Sir Hugh Orde: Water cannon make for good headlines – and bad policing

Related Topics

Policing is a complex and challenging world at the best of times, and when situations such as those we have been dealing with this week arise out of the ether, it is unsurprising that responses are not immediate or perfect.

I remain convinced the British model – based on consent, with police largely unarmed, and built up from the grass roots of neighbourhood policing – will prevail.

The decisions around tactics are, and must always be, for the chief constables and their officers, it is as simple as that. Chiefs understand the challenges because they have all served substantial apprenticeships in the profession, and have been highly trained to make these calls.

Having authorised the deployment of both water cannon and baton rounds, I remain clear that they have a vital place in our armoury, but only when proportionate and appropriate to the situation we face. In stark terms, without extremely violent and static crowds, they are useless.

Baton rounds are discriminate weapons: you fire them at individuals who pose a violent threat where life is at risk. They are not for firing indiscriminately at individuals on the move, however popular such a move would be with the public.
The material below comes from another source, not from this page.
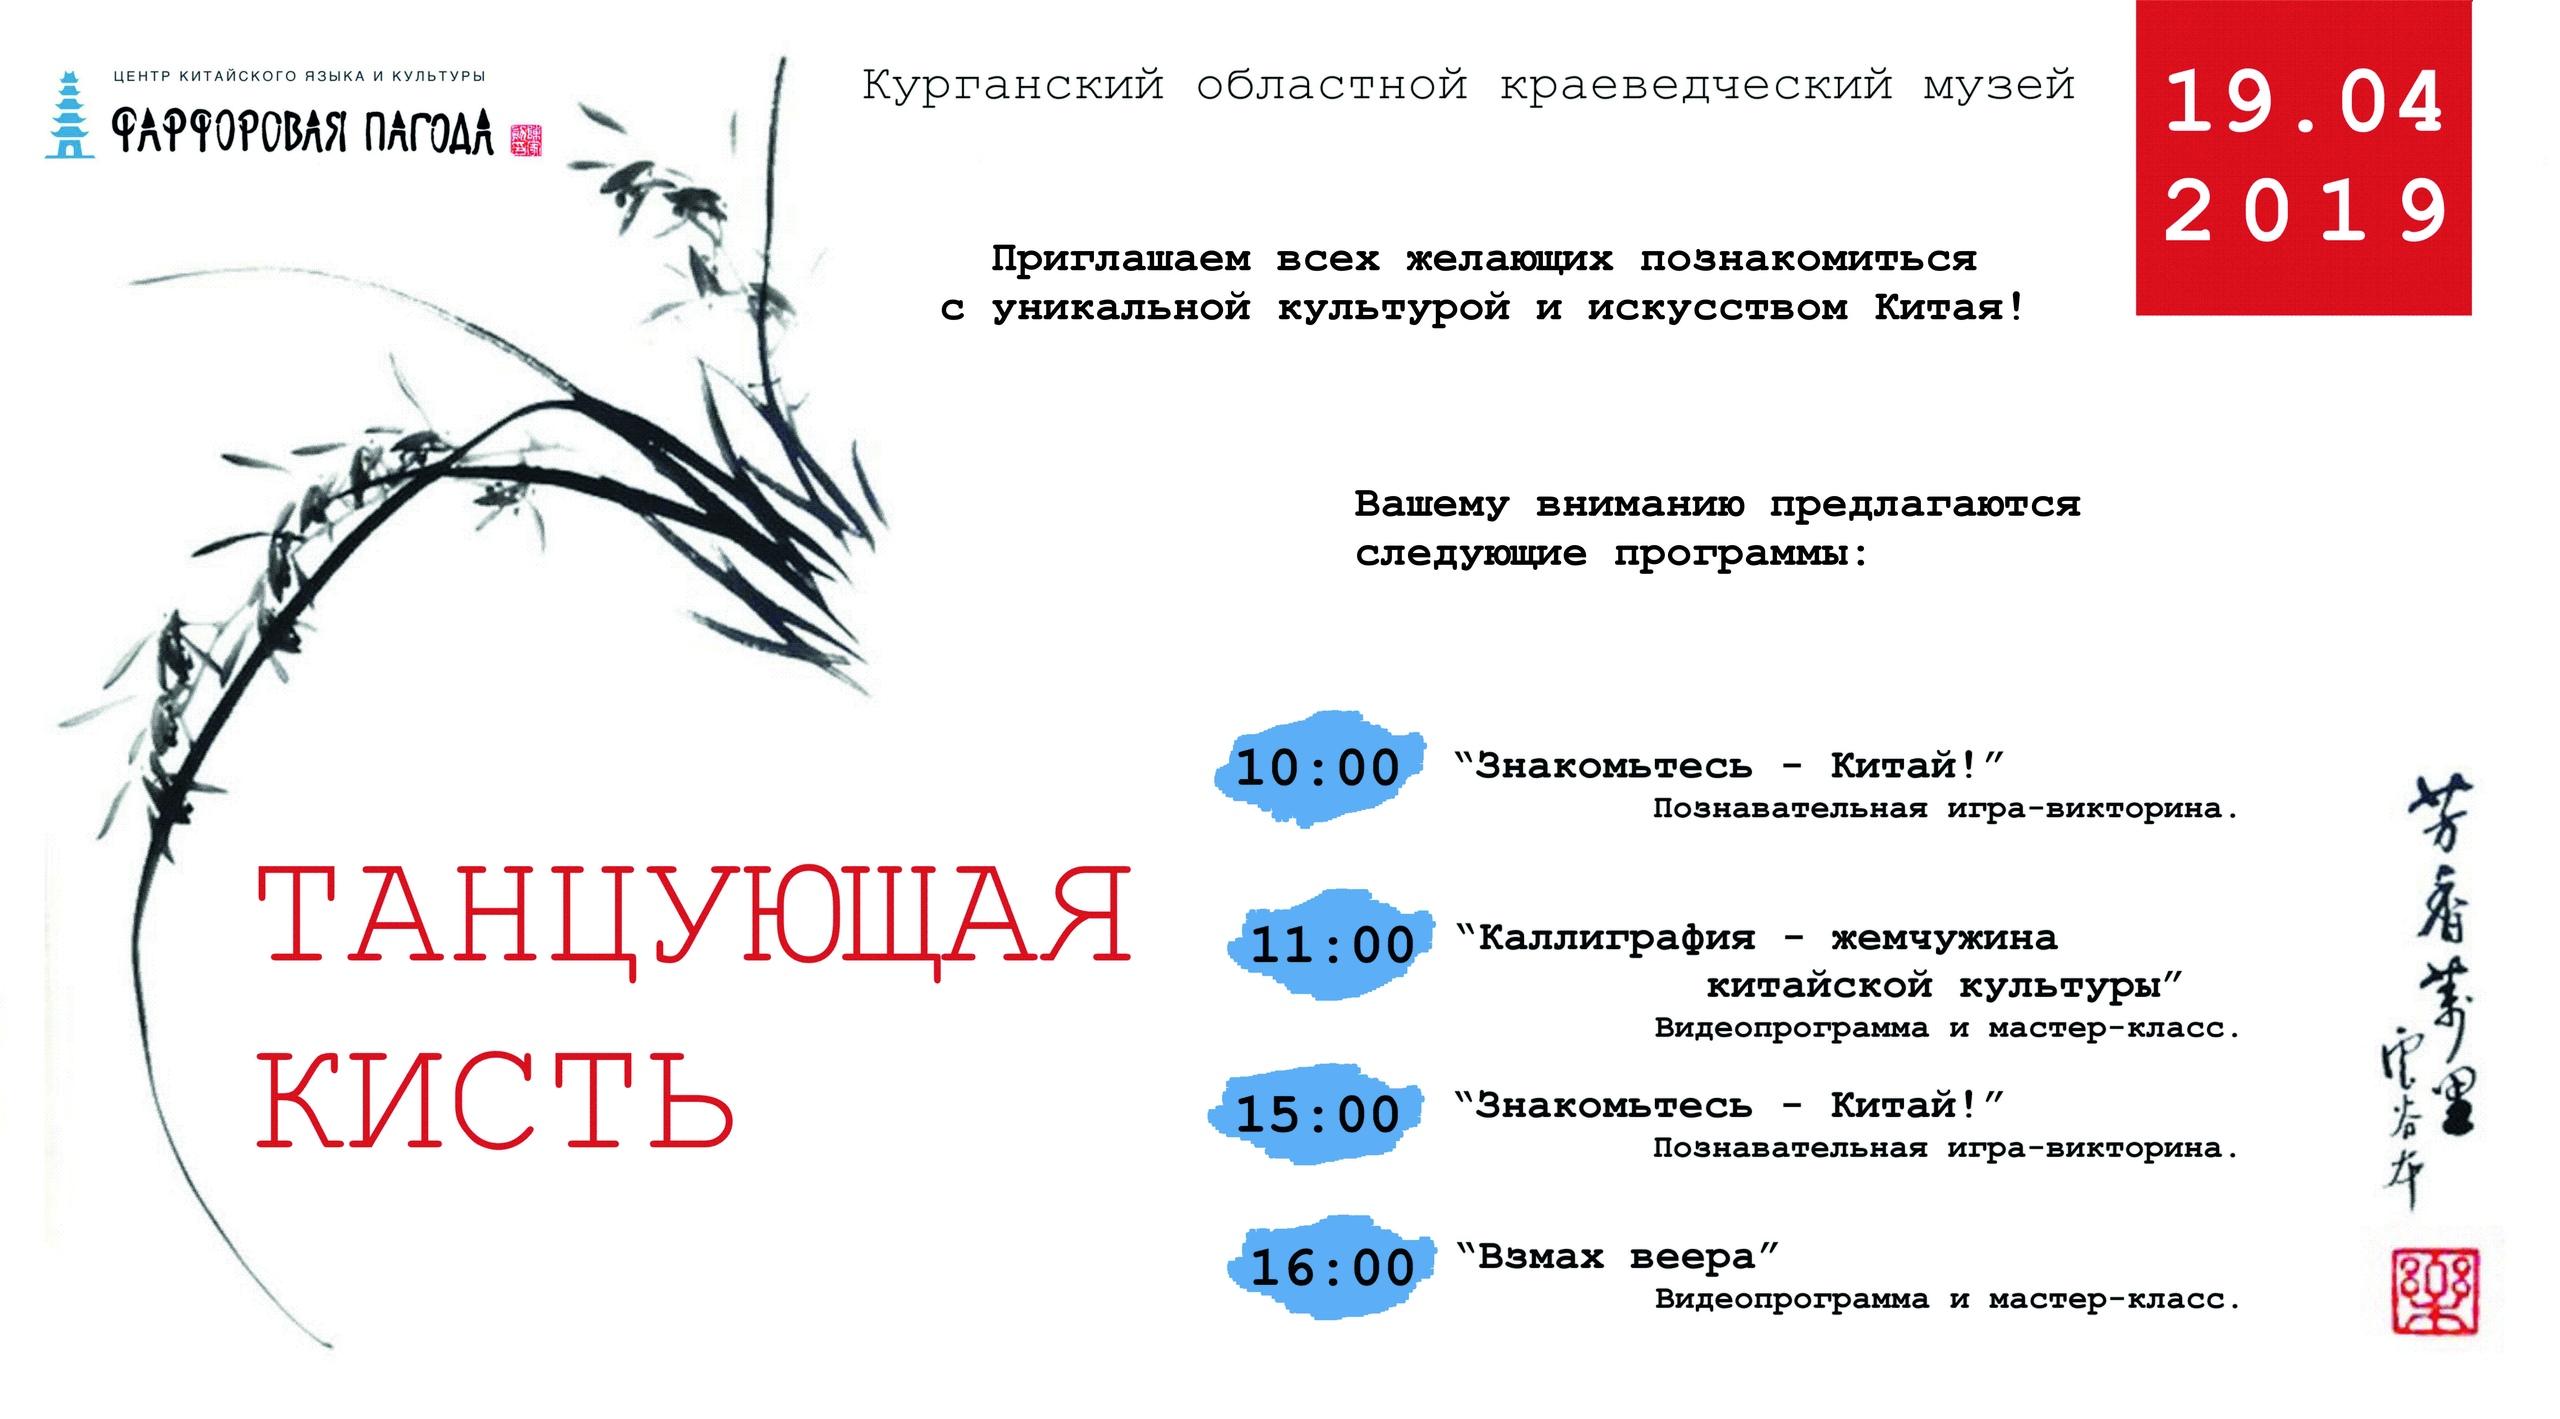 Курганский областной краеведческий музей ТАНЦУЮЩАЯ КИСТЬ курган афиша расписание
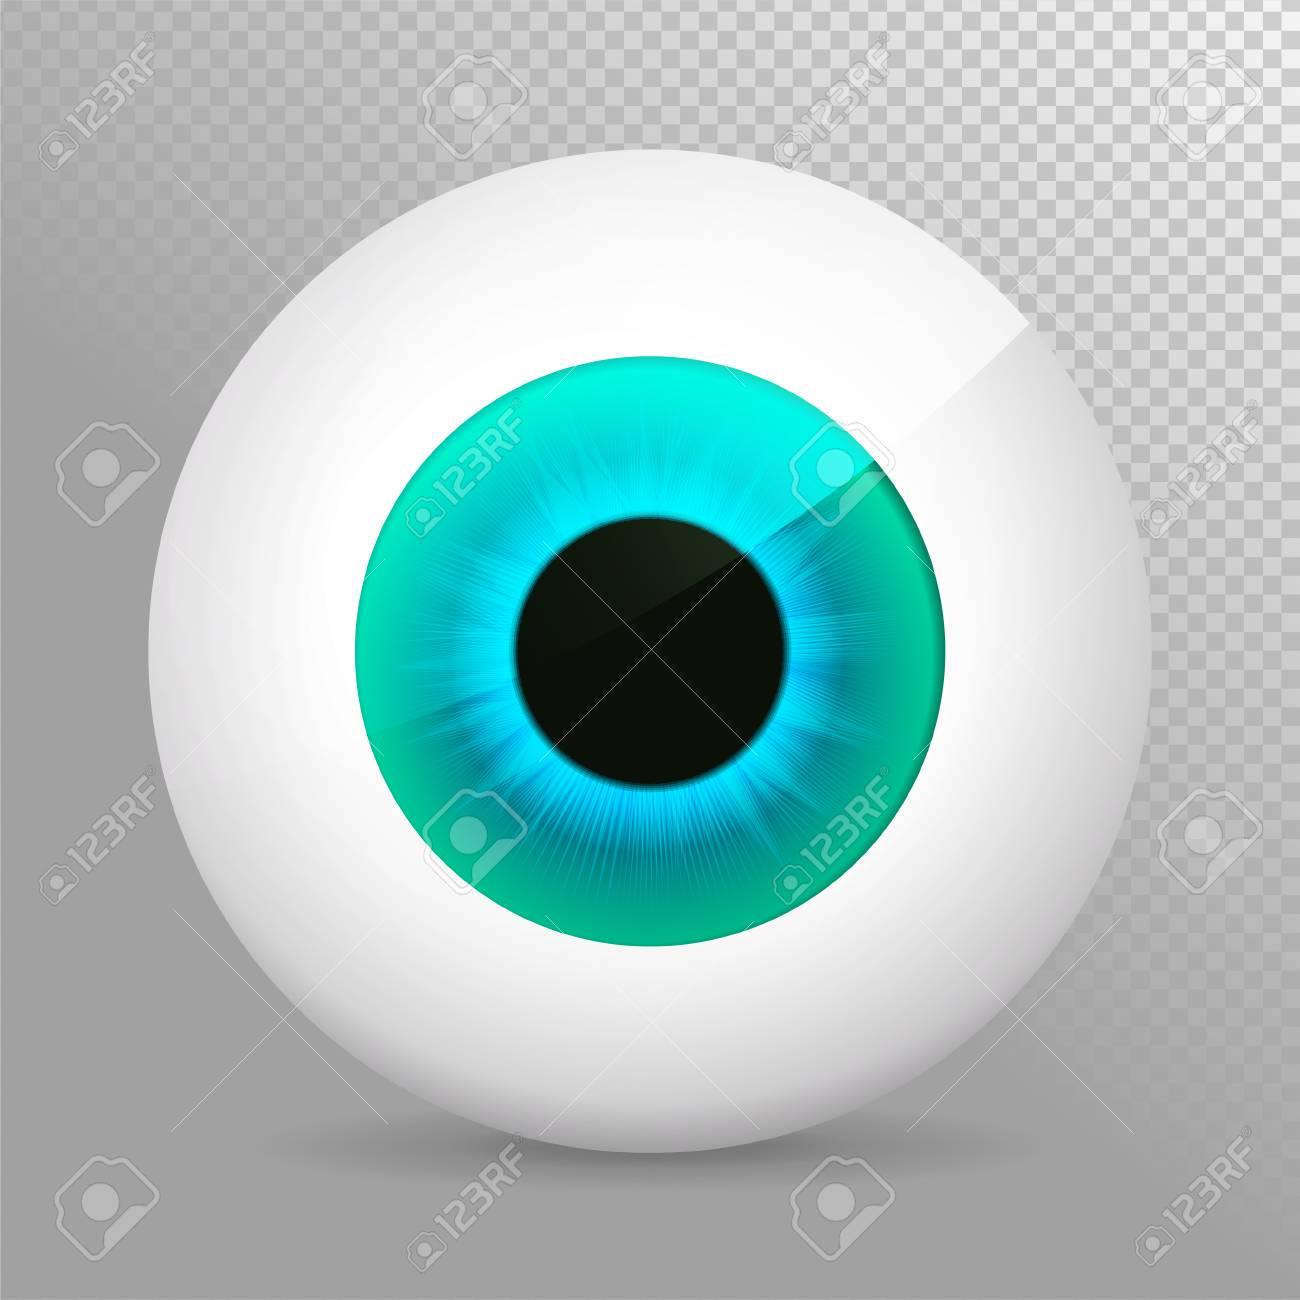 realistic 3d eyeball vector illustration royalty free cliparts rh 123rf com flying eyeball vector free eyeball vector

Equally, to suggest human rights get in the way of effective policing is simply wrong. The proportionate use of force up to and including lethal force is both lawful and human rights compliant.

In the longer term, the service does face challenges linked to the 20 per cent funding cuts. It will get more challenging as the efficiencies get harder to find in the latter years of the spending review, but my colleagues remain determined to do all we can to keep people safe.

The overwhelming majority of law-abiding and concerned citizens have a right to expect us to keep them safe and these criminals will be dealt with. They will be dealt with by an independent police service using tactics that work, supported by an independent judiciary which will decide on the sanction.

That is the British system. It is respected and copied throughout the world, and to subordinate it in the search for a short-term impact would be wrong.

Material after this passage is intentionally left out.